In response to Braverman’s video explaining the bill, which she posted on Twitter, Lineker — a vocal advocate for refugees and not averse to speaking up about such issues (more on that later) — tweeted his response to his 8 million-plus followers.
“There is no huge influx [of refugees],” he wrote. “We take far fewer refugees than other major European countries. This is just an immeasurably cruel policy directed at the most vulnerable people in language that is not dissimilar to that used by Germany in the 30s.”
The response, initially, was much as you’d expect. Many praised Lineker for speaking up. Many condemned him for speaking up. The U.K.’s largely right-leaning press — which rarely misses an opportunity to bash the BBC or personalities it deems to be politically on its left — went into attack mode. Right-wing tabloid The Daily Mail — which frequently condemns so-called “cancel culture” — said Lineker should be fired.
Then the government got involved.
A day after Lineker’s tweet, the press secretary of U.K. Prime Minister Rishi Sunak told reporters it was “disappointing” to see “that kind of rhetoric” from someone whose salary was paid by the license fee, the national TV tax that is the main source of funding for the BBC. They said it was “up to the BBC” to decide how to respond. Several government ministers also chimed in, criticizing Lineker and demanding the BBC sanction him.
Critics claimed that by speaking out on Twitter, Lineker had violated the BBC’s rules on impartiality, which require the broadcaster and its employees to be balanced in its presentation of news and issues. In criticizing the government’s policy, Lineker had supposedly crossed the line. “Gary Lineker outrageously breached the BBC’s sacred impartiality,” bellowed a Mail opinion piece.
On March 9, two days after the tweet, with Lineker on the front pages of every British newspaper, the BBC announced that he would “step back” from Match of the Day until there was an “agreed and clear position on his use of social media.”
The reaction was immediate.
Within hours, Lineker’s two Match of the Day co-hosts Ian Wright and Alan Shearer (like Lineker both celebrated former soccer stars) announced they wouldn’t appear on the show out of “solidarity” to their colleague. What followed was a mutiny across the BBC’s sports department, with numerous TV and radio presenters due to lead the weekend’s soccer shows also laying down tools, saying they wouldn’t work while Lineker remained suspended. The collective action extended into the sport itself. The Premier League told players and managers they would not have to do post-game interviews with Match of the Day, despite those interviews being contractually required in many cases.

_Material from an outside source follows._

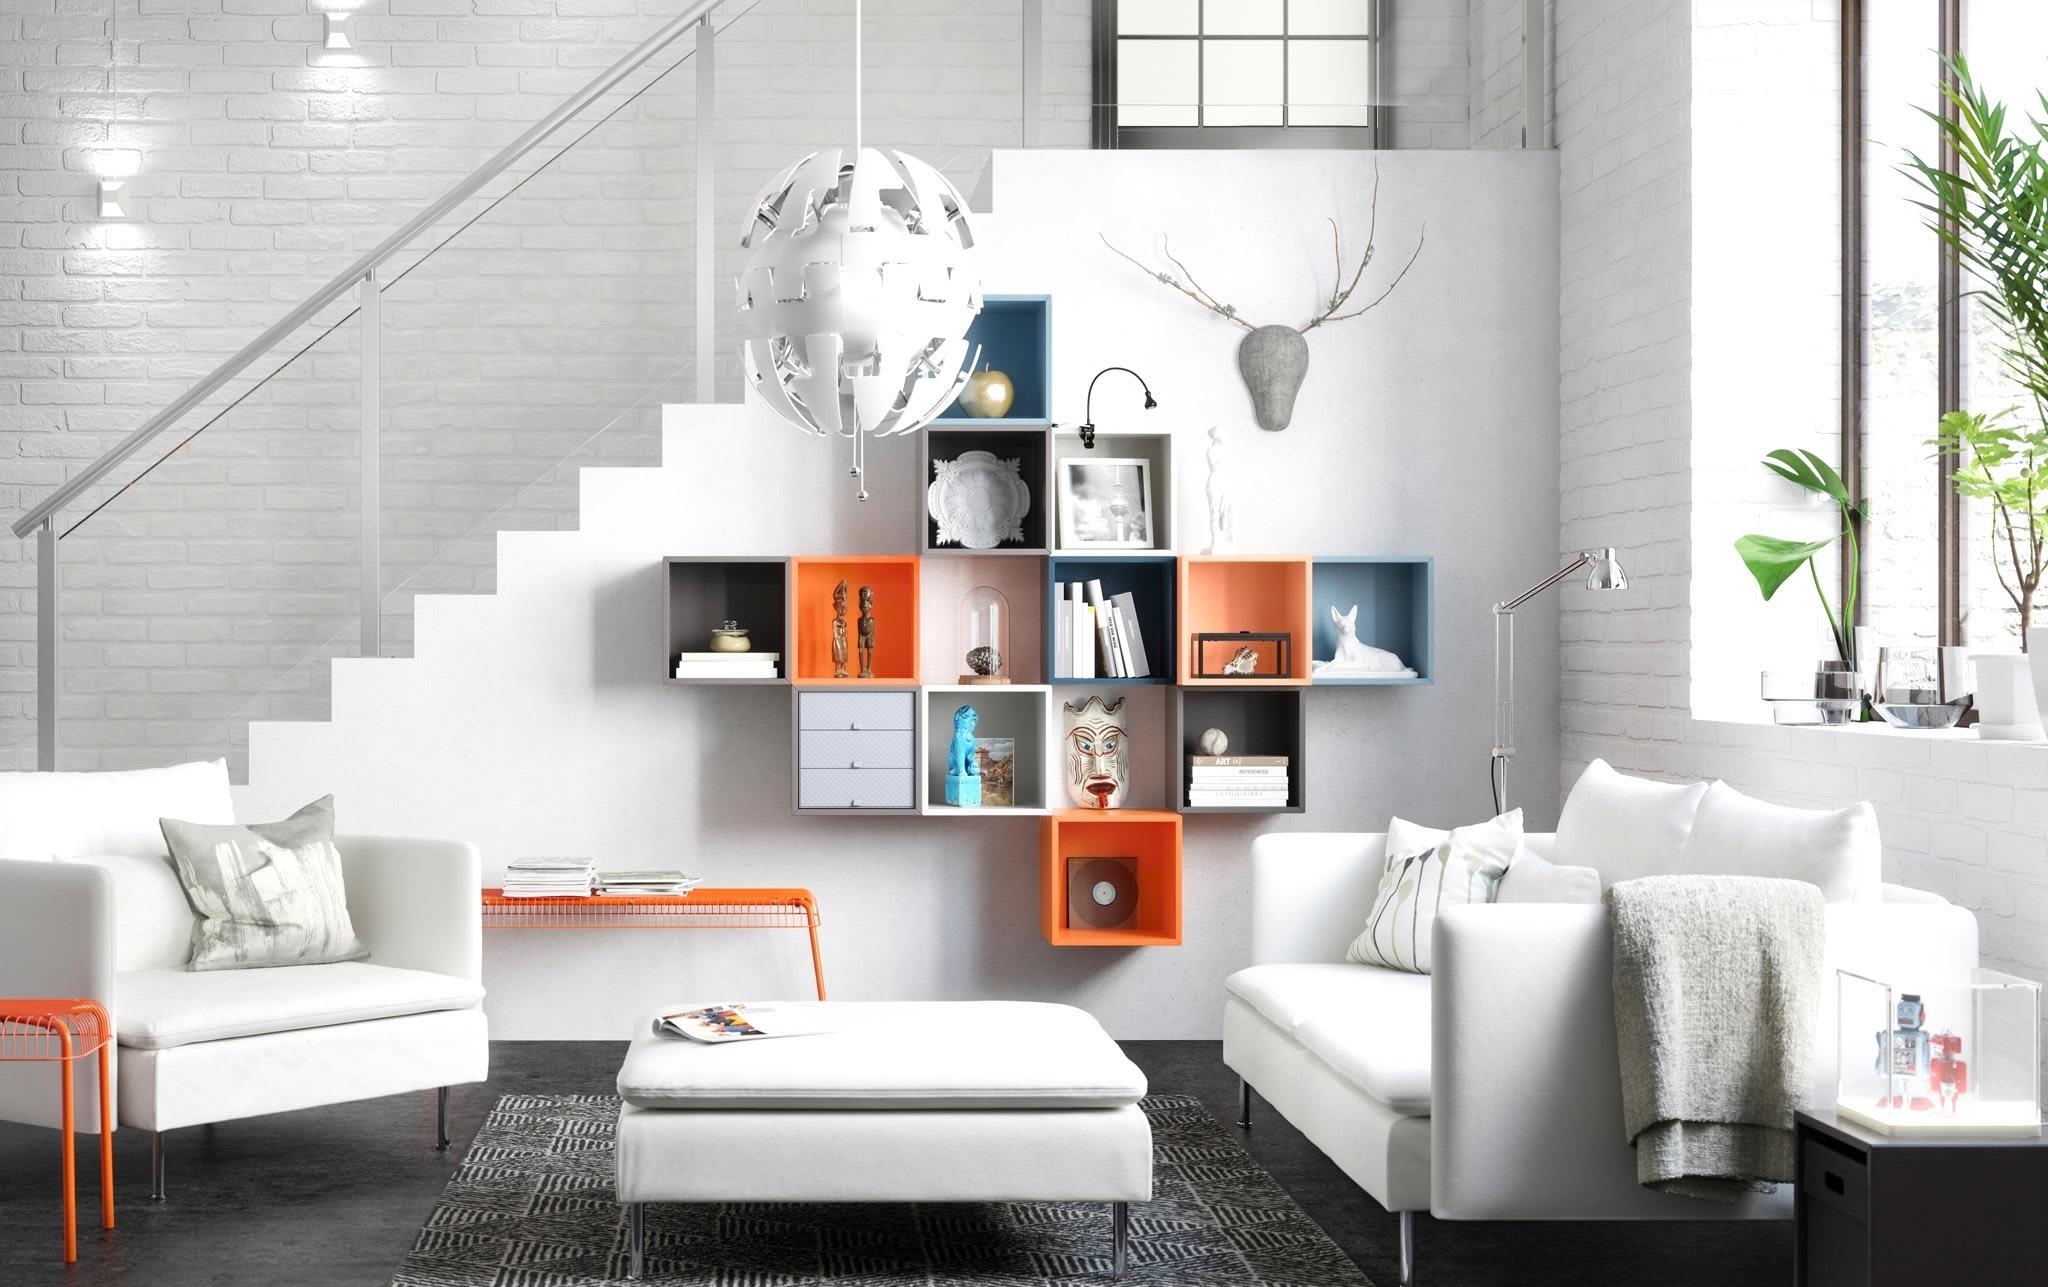 Captivating (Image Credit: IKEA)
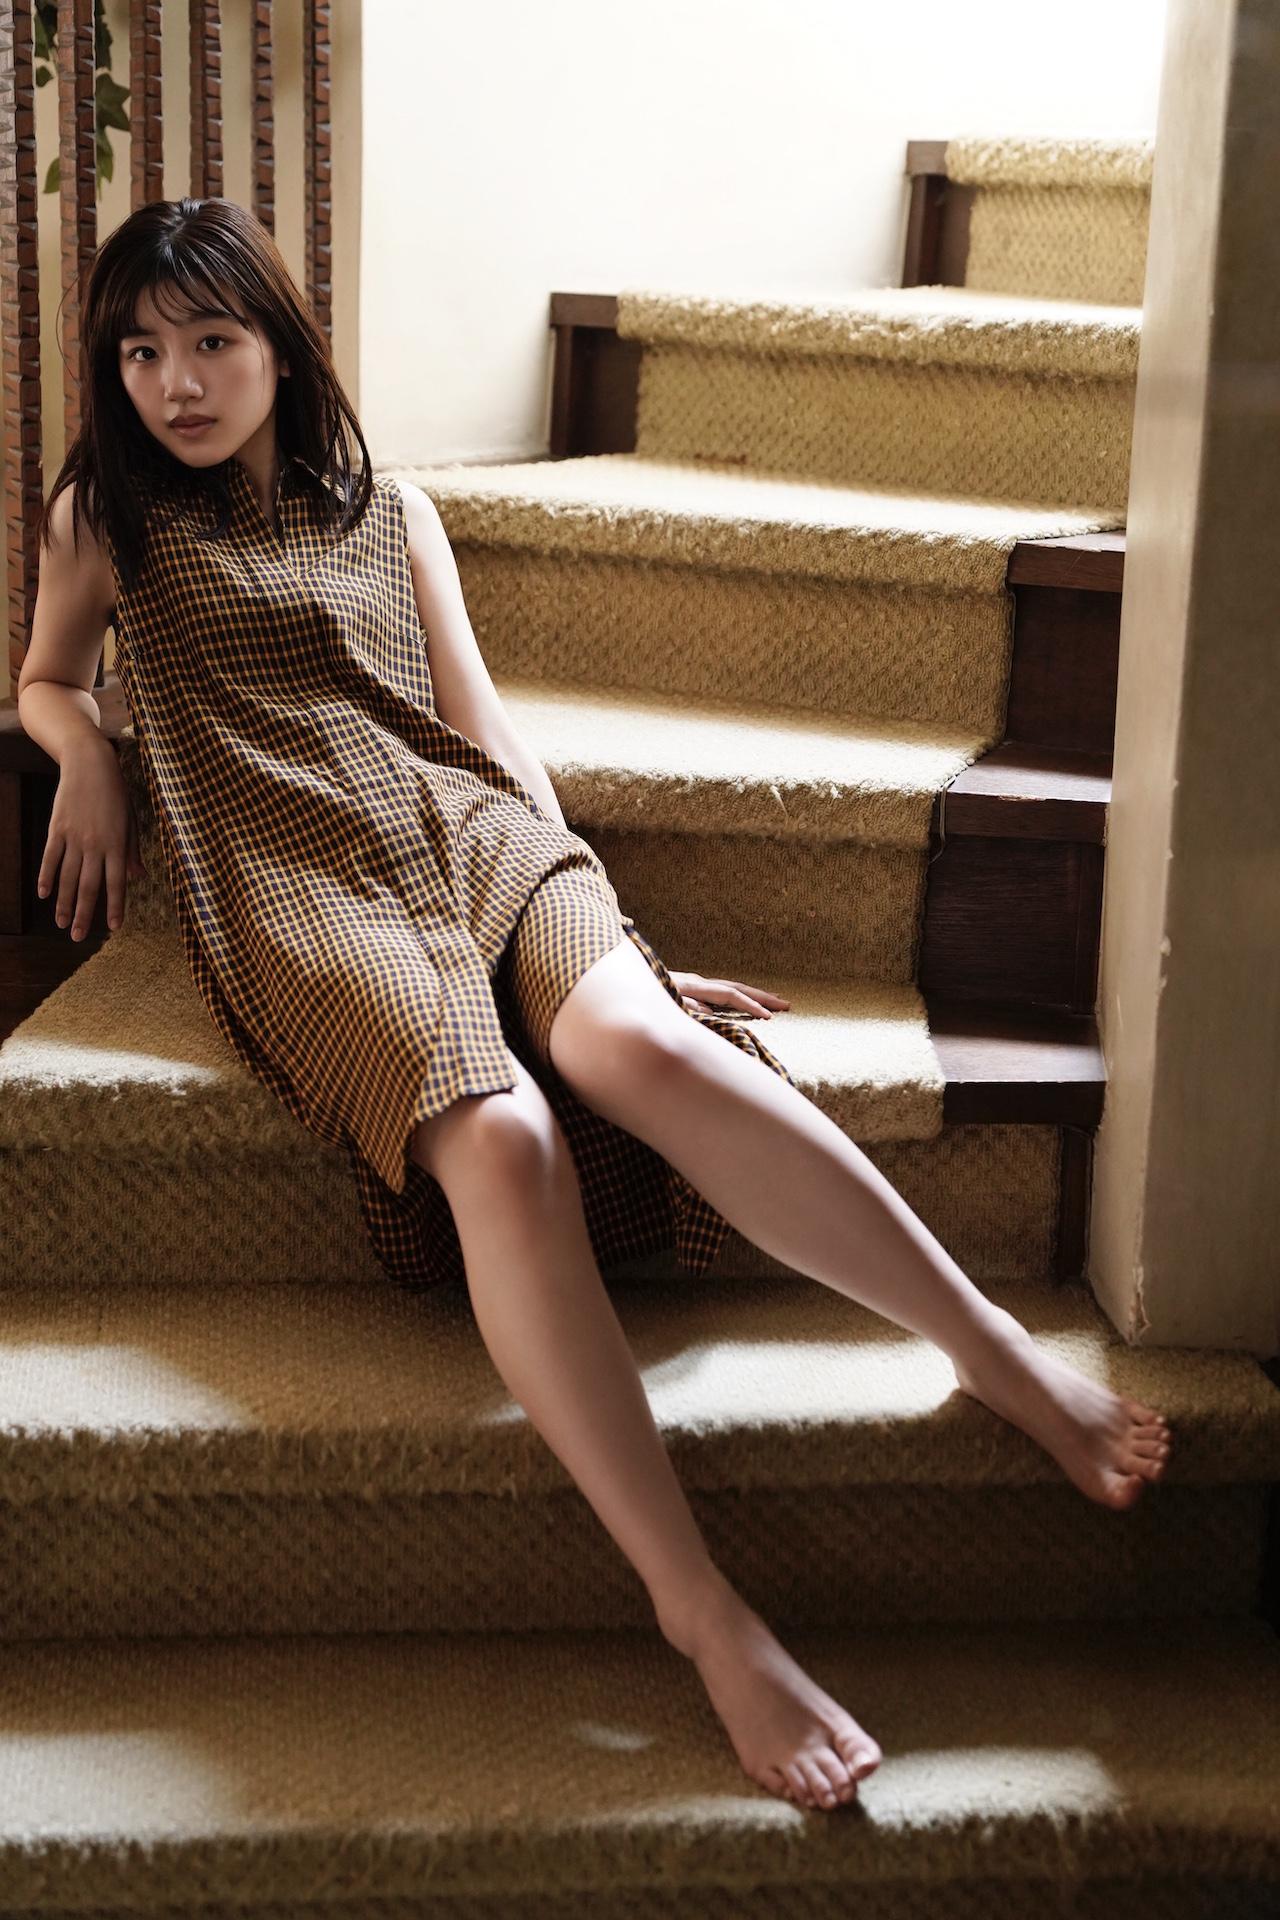 しなやかな肢体と美肌を披露。画像は、「blt graph.」 vol.59(東京ニュース通信社)

The result was high farce. On Saturday, March 11, Match of the Day went out live with no host, no commentary, no interviews and no punditry. Instead, the show featured a string of uncommented game highlights, playing out like a video art installation. The program, which usually runs over an hour, came in at a tight 20 minutes. Several of the BBC’s radio soccer shows had to be dropped entirely.
The BBC now had a major problem on its hands, and one largely of its own making. Perhaps realizing the extent of the negative reaction — which added to the public pushback already gathering force around its asylum policy — even the government tried to distance itself from the broadcaster. Prime Minister Sunak tried to wash his hands of the matter, saying it was “between Gary Lineker and the BBC” and that he hoped it would be resolved.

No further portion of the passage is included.